## [Stored data]
[Start of Attachment]
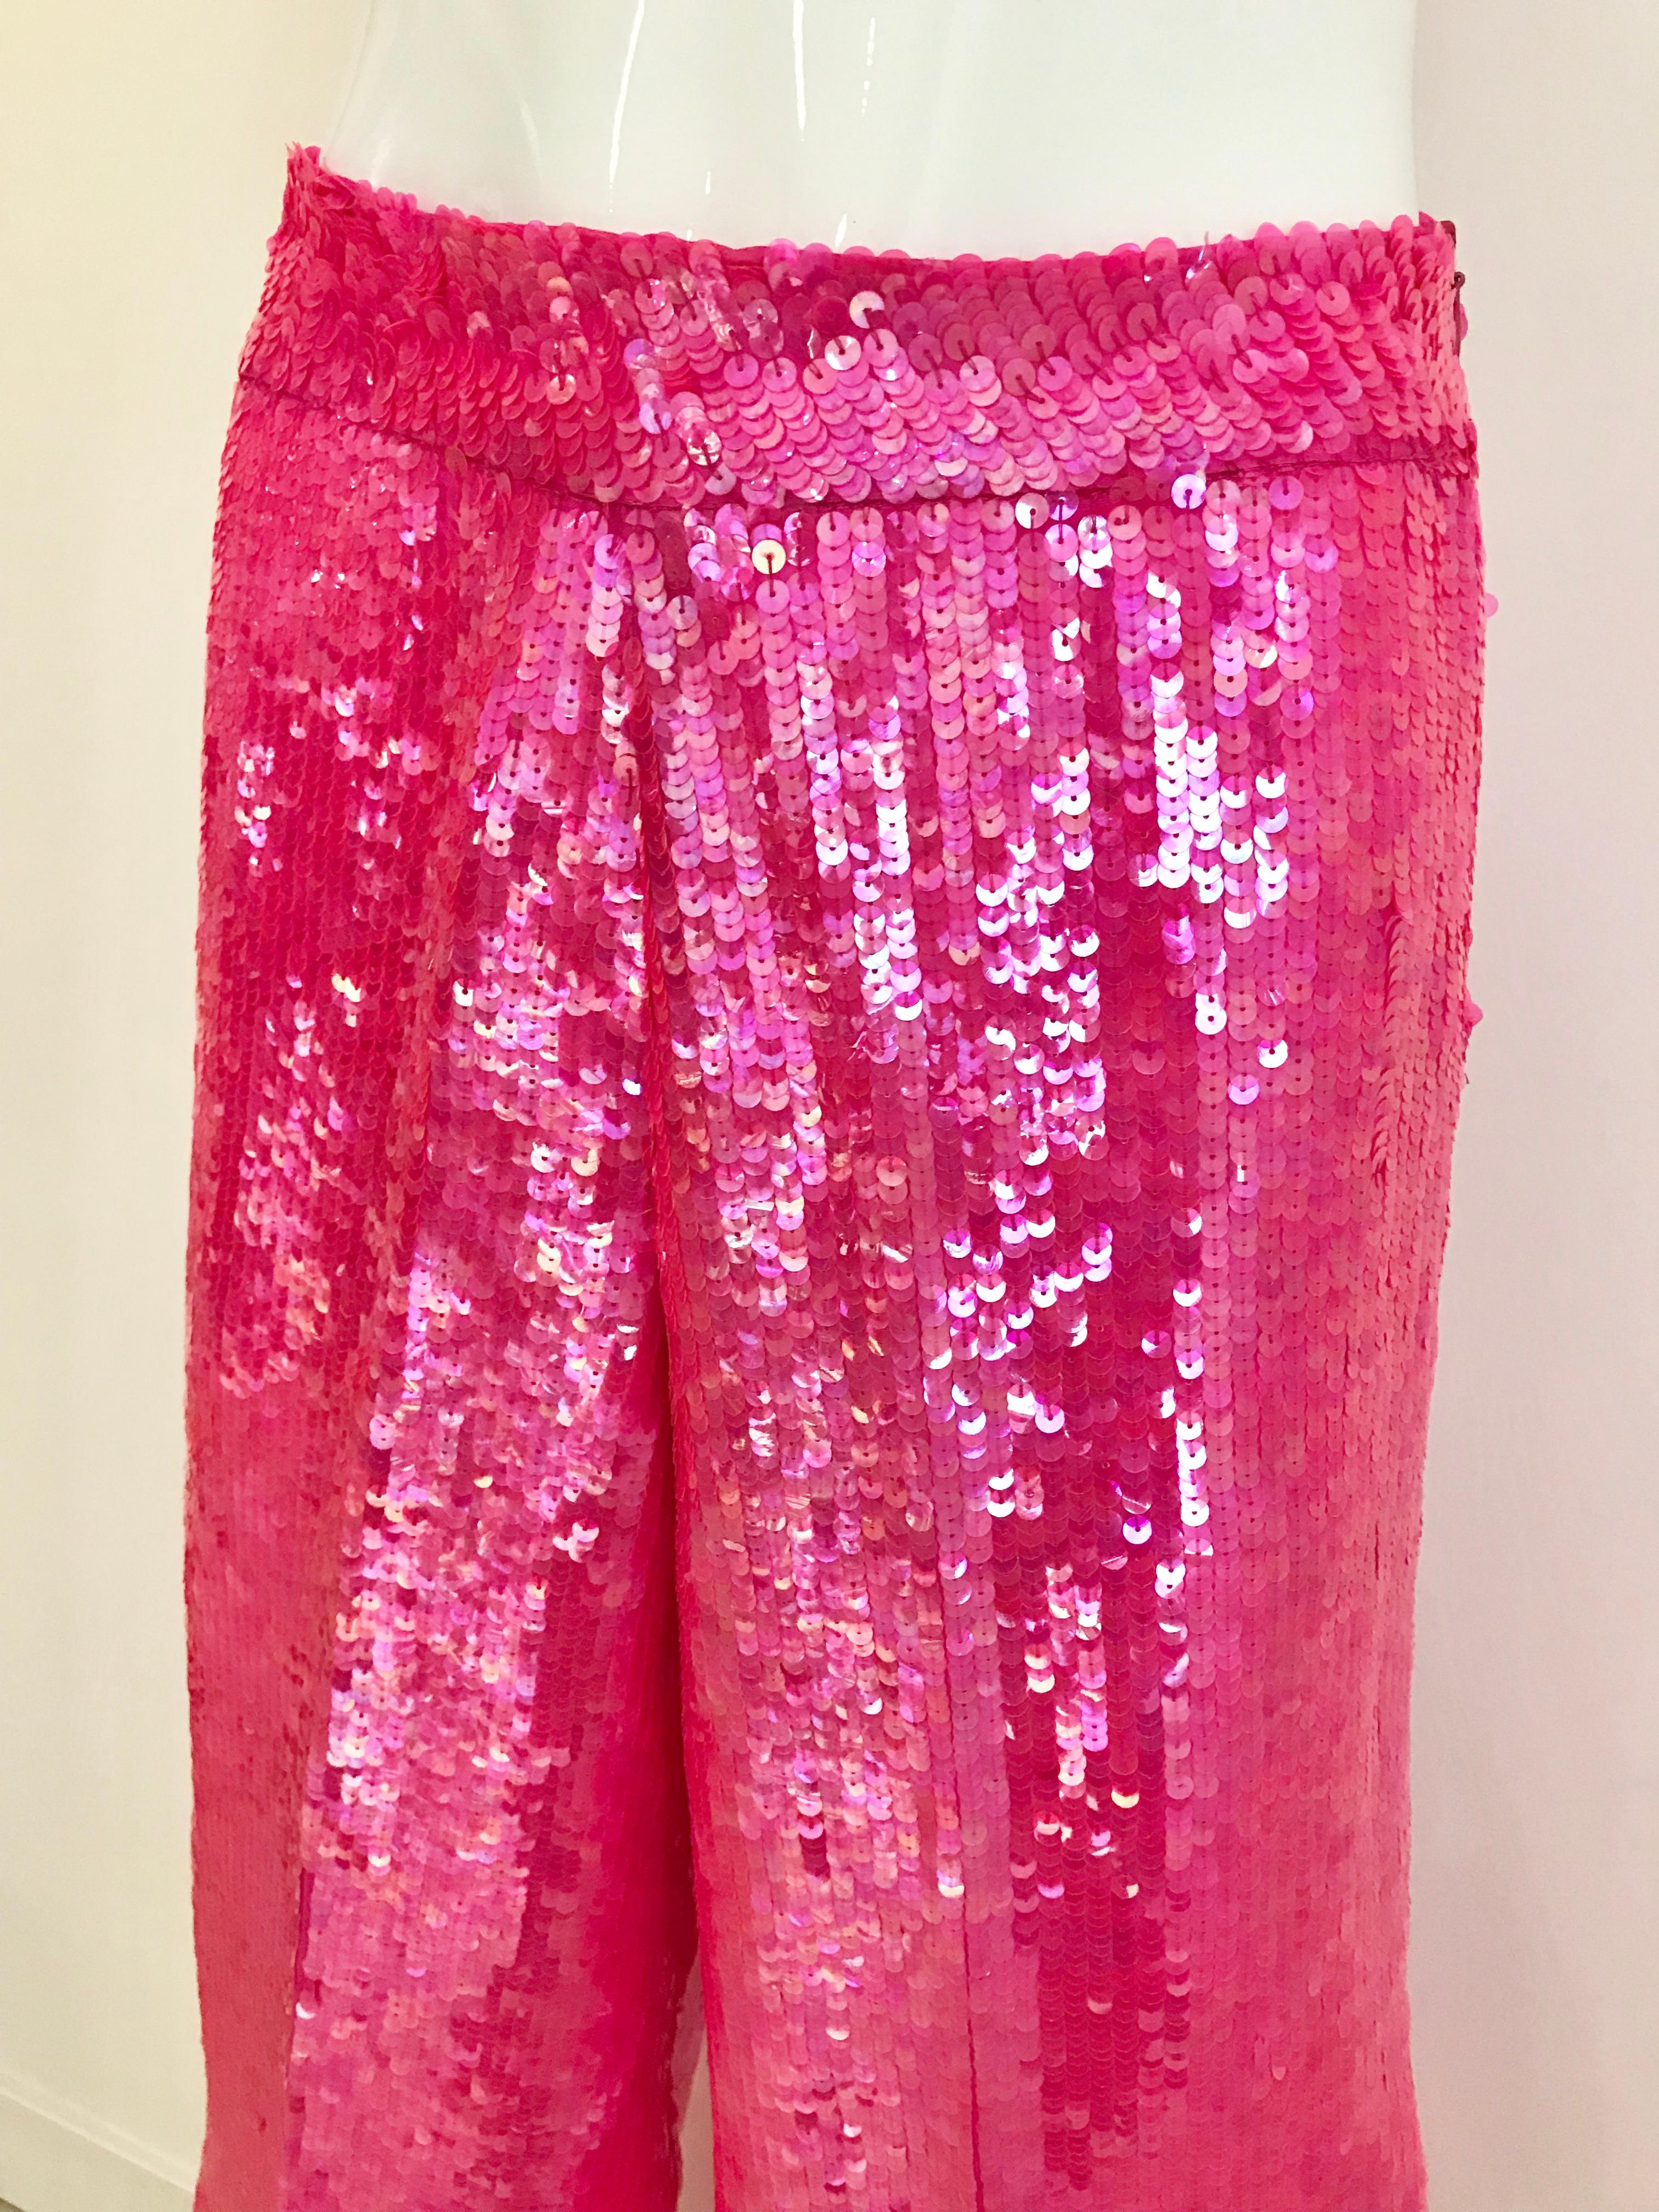 Deadstock 1980s Anna Molinari hot pink sequin shimmer pants.
Waist: 28 inches/ Hip: 38 inches/ Lenght: 44 inches
Pants is deadstock ( never worn)
[End of Attachment]
Every line of the material must be returned exactly; leave the images out.

## [Response to the exercise]
 Deadstock 1980s Anna Molinari hot pink sequin shimmer pants.
Waist: 28 inches/ Hip: 38 inches/ Lenght: 44 inches
Pants is deadstock ( never worn)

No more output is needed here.